In my previous post, I outlined some of the problems and strategies we use at Ancestry.com to determine if two people who appear in the same household are related.
As promised, I want to focus this time on how to resolve ambiguous results.
In my early days of doing family history research, I made an assumption that finding a William Anderson married to an Isabella in 1901 in a small town in Scotland was enough evidence to establish a link to my ancestor and become the basis for further research. Unfortunately, what I learned after many months of further research was that “Anderson” is a very common Scottish surname. “William” and “Isabella” are very common given names in that region. A traditional naming pattern ends up creating cousins who are about the same age and whom have the same name. Even though I was dealing with a small town with a tiny population, it turns out that there were four men named William Anderson who married a woman named Isabella in 1901 in that town.
The question becomes then, how to tell if the features being examined are conclusive or ambiguous. This question is not only for family historians who can use intuition, experience, and convention, but more importantly for natural language processing and automated systems.
I understand that there are statistical models and other tools to narrow down the likelihood that the features being compared are conclusive, but I want to take a detour from that line of thinking and instead model what a genealogist does to determine whether the evidence is strong enough to draw a conclusion or whether the conclusion should remain ambiguous.
Ambiguity comes from insufficient data.

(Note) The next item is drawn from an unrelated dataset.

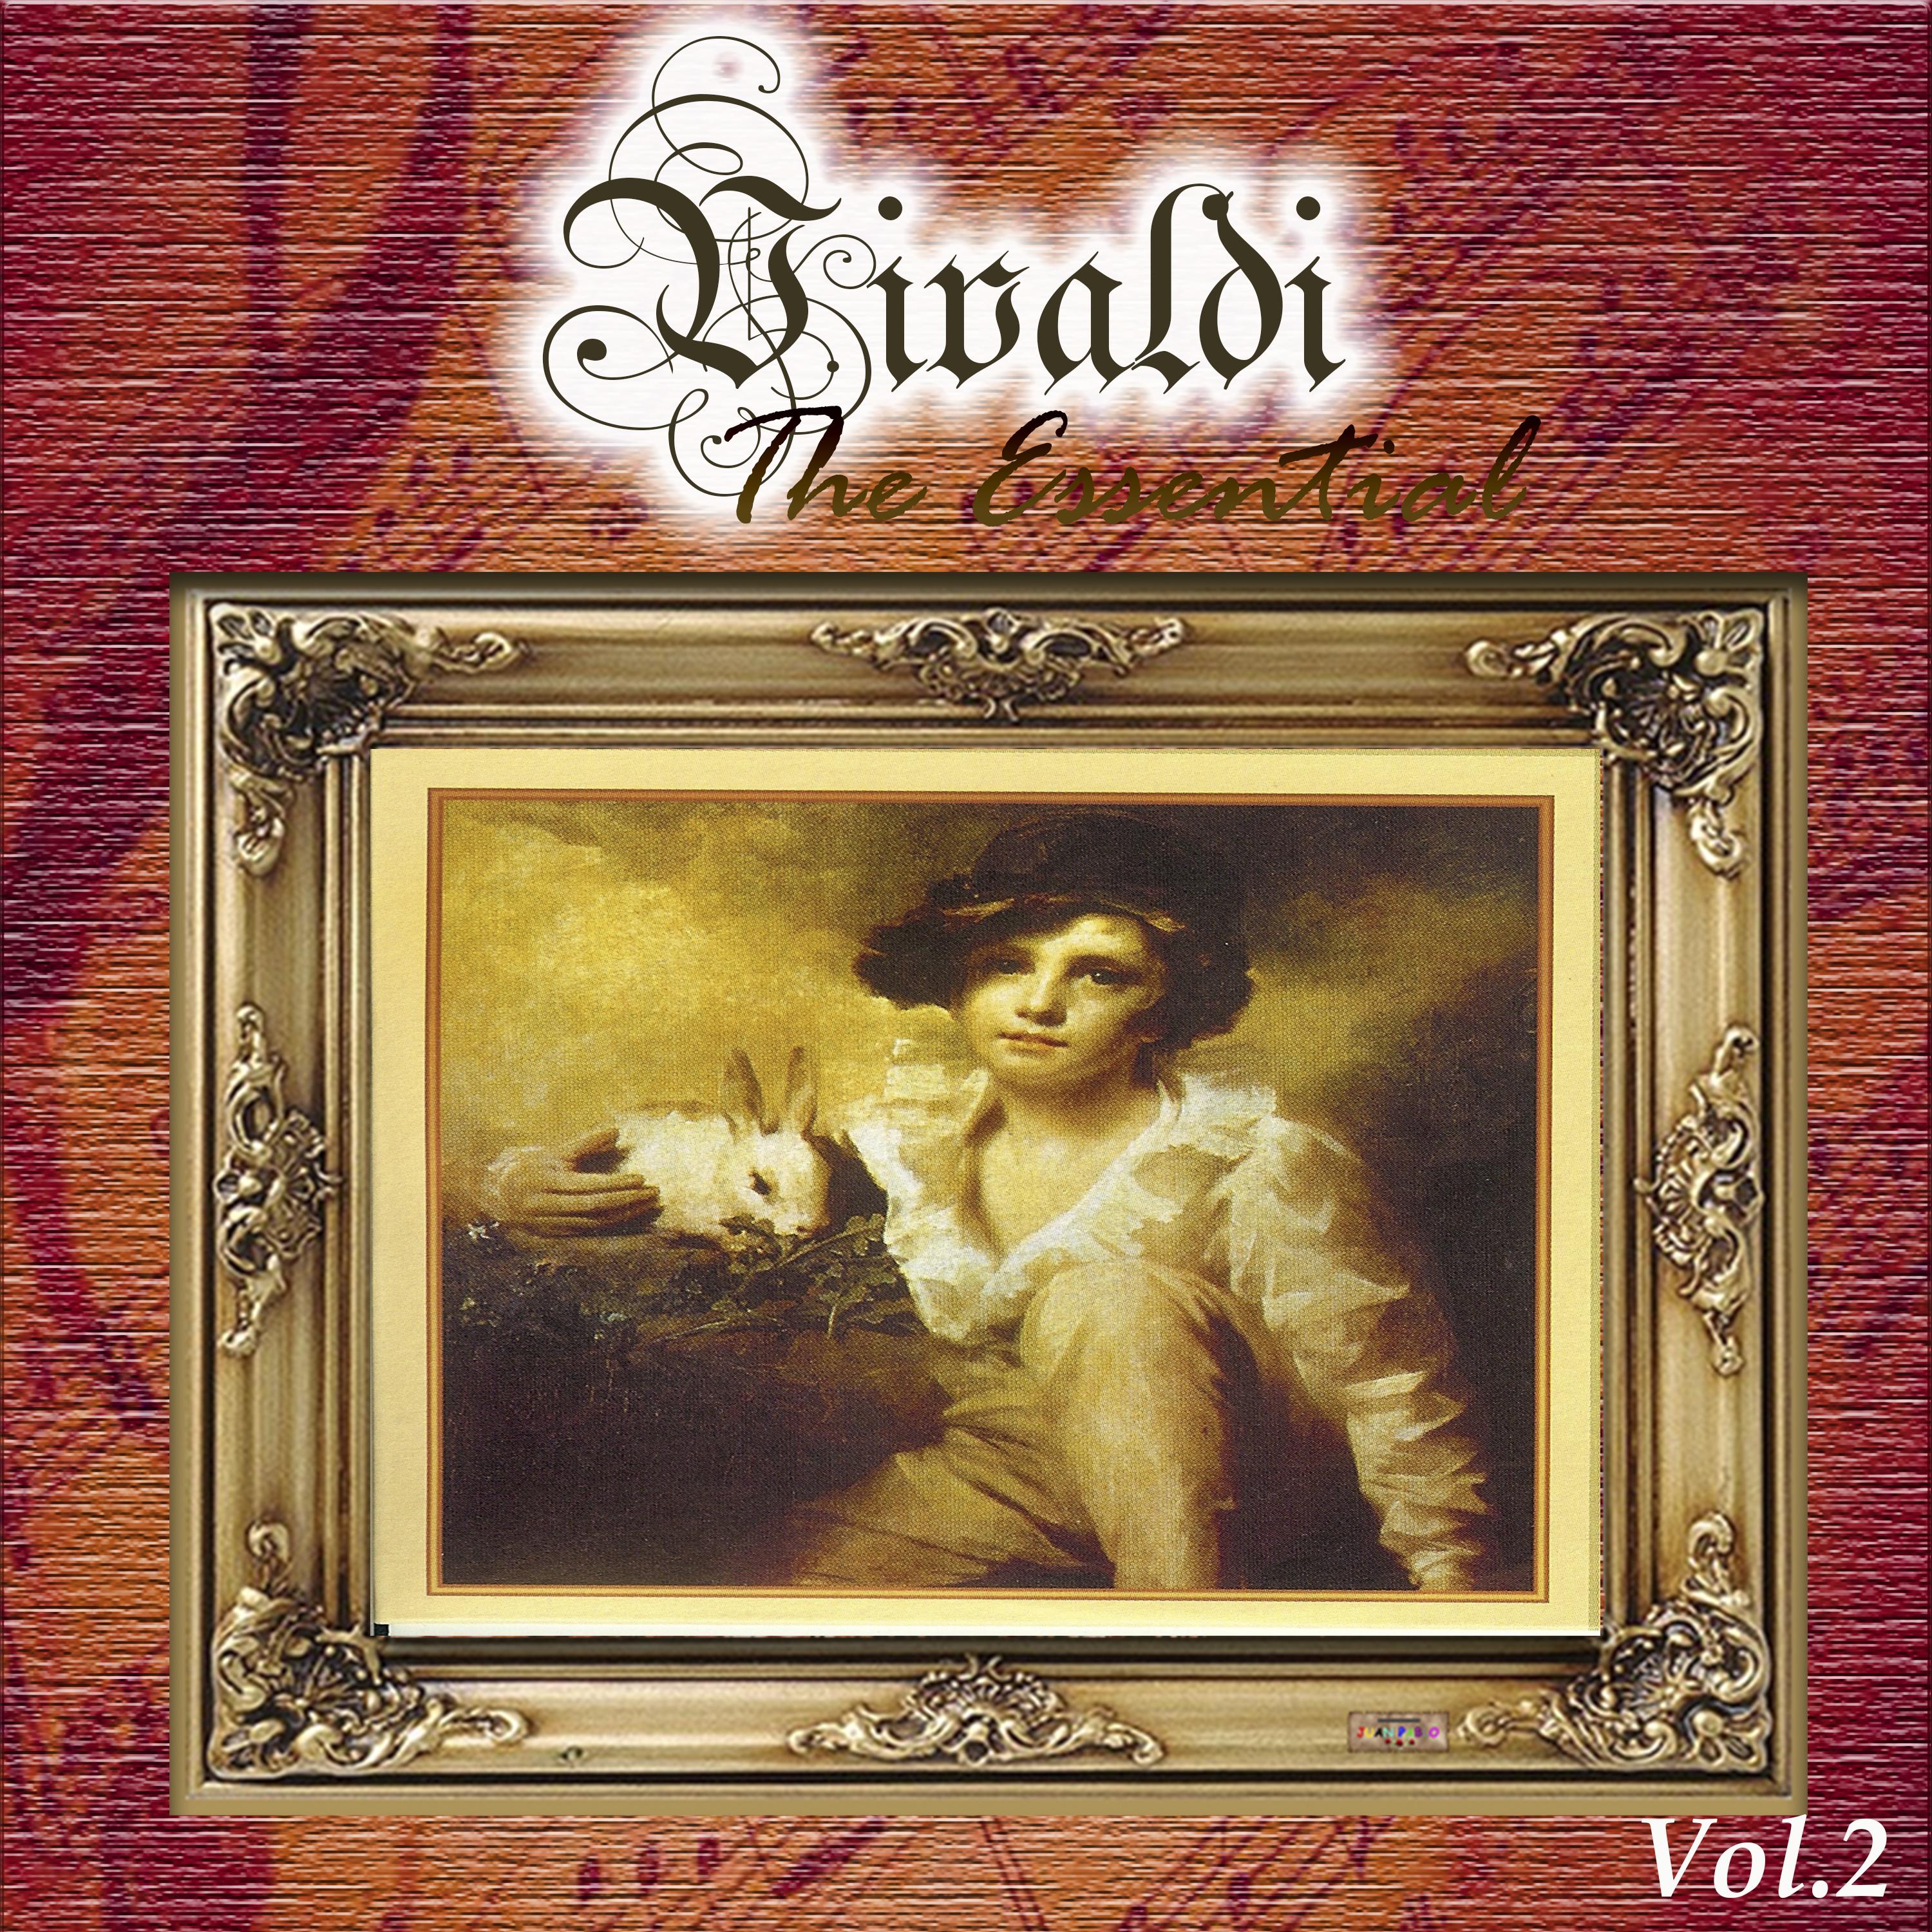 Vivaldi - The Essential, Vol. 2

Is a birthplace that has been listed as “Springfield” in Illinois or Massachusetts? In her article, “When No Record Proves a Point,” professional genealogist Elizabeth Shown Mills argues that in the absence of conclusive data we need to build our case with reliable alternative data. In the case of “Springfield” our team uses what we call a “reference place,” other place data that exists in the metadata about the record.
For example, if we are parsing an obituary and the text states that the deceased was from Springfield, but gives no other data, pulling all place details from the metadata on the record such as the title of the newspaper, when it was published, and importantly, where it was published can generate a new feature, the reference location, that can assist in disambiguation.
Another effective strategy is to eliminate all other possibilities. Sir Arthur Conan Doyle had Sherlock Holmes said it this way, “… that when you have eliminated the impossible, whatever remains, however improbable, must be the truth.”
When faced with several possible interpretations of a natural language parse of data, business rules can be applied to eliminate impossible conclusions. These rules are often not 100% accurate, but within certain tolerances can function very effectively at reducing false positives. For example, checking a name authority for the occurrences of the term “Restaurant,” finds a very low likelihood that we are looking at a given name. Further queries show that the term occurs frequently in business names. From this we draw the conclusion that we have processed a business listing in a directory and should not include it as a personal name.
Other examples of conclusions might include: children are not born before their parents, spouses are usually married after age 12; and in many cultures, children are given the surname of their parents.
Getting these business rules correct is where bringing in an experienced researcher to consult can really help. You need someone who has proven conclusions before with limited data, and probably has made some mistakes, someone with intuition, experience, and who knows the conventions for establishing conclusions. Very often, your best source of business rules is the person who has been doing this process manually.
In summary, drawing conclusions from ambiguous data can be the greatest challenge of Big Data–the holy grail of Big Data parsing algorithms. At Ancestry.com we have found that starting with a good feature set, teasing out any additional clues from metadata or other related data, then eliminating the impossible using business rules informed by an expert in the area can greatly reduce the occurrences of ambiguity in the data. Where ambiguity can’t be resolved, it should be allowed to persist in the data and perhaps even in the presentation to the customer where additional context may be available at a later time to draw a firm conclusion.